「無月経」──月経が止まるサインを見逃さないで
どんな病気か・主な症状
「無月経」とは、一定の年齢に達しても月経が始まらない、または一度始まった月経が3か月以上止まってしまう状態を指します。
医学的には以下のように分類されます。
- 原発性無月経:18歳になっても初経(月経)が来ない状態
- 続発性無月経:それまであった月経が3か月以上停止した状態
「少し不規則だから大丈夫」と思い込みやすいですが、ホルモンバランスや生殖器の異常、生活習慣の乱れなど、背景にさまざまな要因が隠れていることがあります。
原因
無月経の原因は多岐にわたります。
原発性無月経の主な原因
- 染色体や遺伝的要因
- 子宮や膣の先天的な形成異常
- ホルモン分泌の異常
続発性無月経の主な原因
- 妊娠・授乳:最も多い生理的な原因
- 過度なストレスや体重変化:ダイエット、過労、摂食障害
- ホルモン異常:甲状腺疾患、下垂体腫瘍、多嚢胞性卵巣症候群(PCOS)
- 更年期・早発閉経:40歳未満で卵巣機能が低下する場合もある
特に現代の働く女性では、過度なストレスや不規則な生活、過剰なダイエットによるホルモンバランスの乱れが原因となるケースが目立ちます。
今できる対処法・予防法
生活習慣の見直しが第一歩です。
- 栄養バランスの良い食事:急激なダイエットは避ける
- 十分な睡眠:ホルモン分泌のリズムを整える
- 適度な運動:過度なトレーニングは逆効果になることも
- ストレス対策:趣味やリラクゼーションを取り入れる
ただし、無月経が続く場合は「自然に戻るだろう」と自己判断せず、早めの受診が大切です。
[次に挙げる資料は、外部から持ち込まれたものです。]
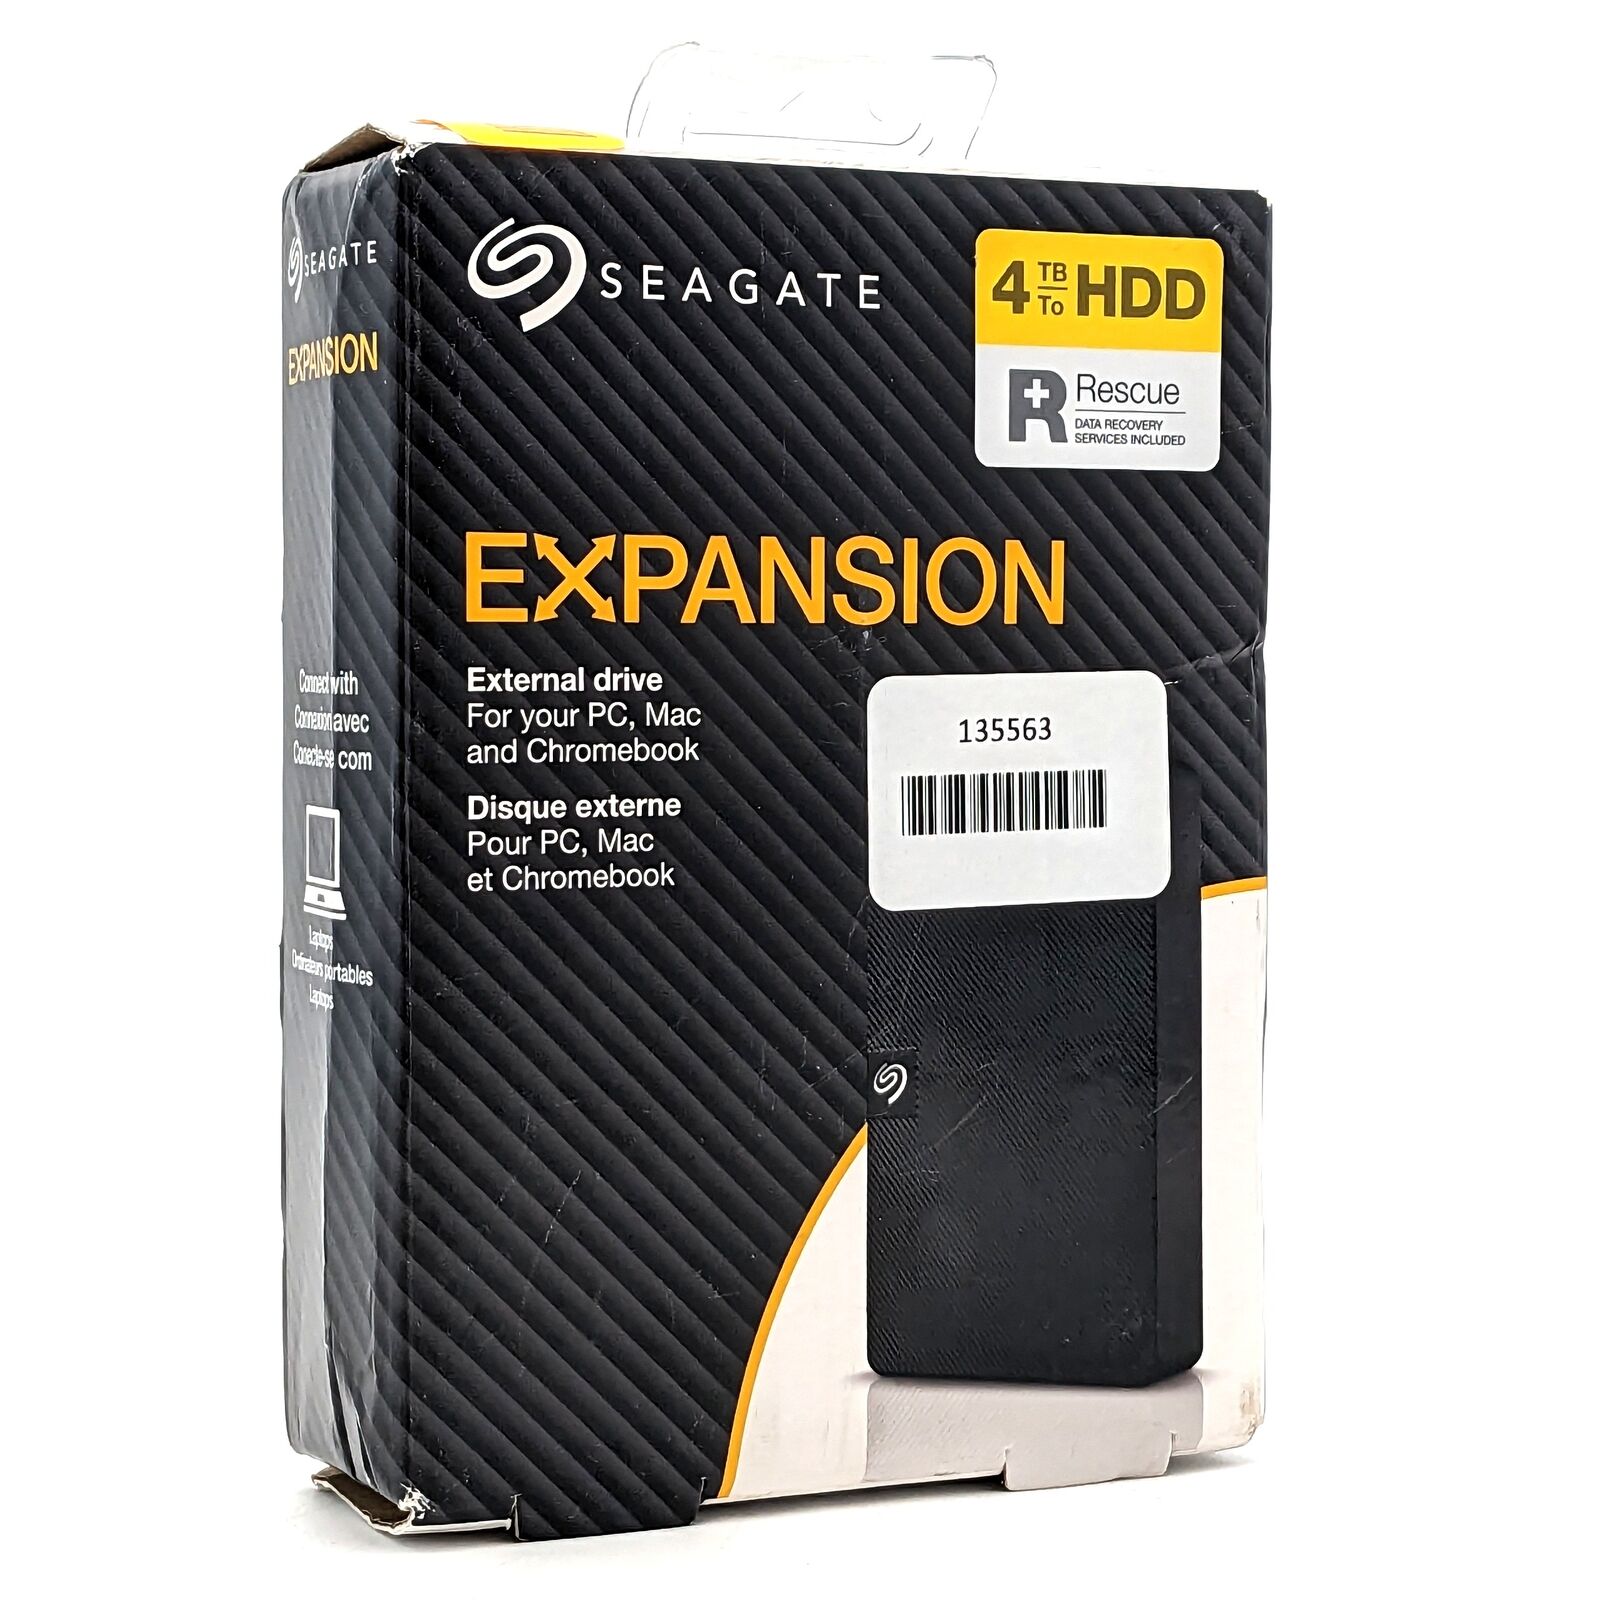 Seagate Expansion 4TB External Desktop HDD - Black

特に将来の妊娠や骨粗鬆症リスクに関わることもあります。
受診の目安
次のような場合は婦人科の受診を強くおすすめします。
- 18歳になっても月経が始まらない
- これまであった月経が3か月以上止まっている
- 急激な体重減少や過度の運動習慣がある
- 更年期前なのに1年以上生理がない
「忙しくて受診できない」と思うかもしれませんが、無月経は体のSOSサインです。
検査方法・治療法
医療機関では、問診・基礎体温測定・血液検査(女性ホルモン、甲状腺ホルモン、プロラクチンなど)・超音波検査・MRIなどで原因を調べます。
治療は原因によって異なります。
- ホルモン療法:低用量ピルやホルモン補充療法
- 基礎疾患の治療:甲状腺疾患やPCOSなどに応じた治療
- 生活習慣改善:栄養指導、ストレスマネジメント
また、妊娠を希望している場合は、排卵を促す治療を行うこともあります。
まとめ・アドバイス
無月経は「ただの生理不順」と見過ごされがちですが、女性の体が発している重要なサインです。
放置すると、妊娠への影響だけでなく、ホルモン不足による骨粗鬆症や心血管リスクにもつながることがあります。
名古屋市内には婦人科や女性外来を設ける医療機関があり、オンライン相談が可能なところも増えています。
「しばらく生理が来ていない」という方は、どうか一人で抱え込まず、早めに医師へ相談してください。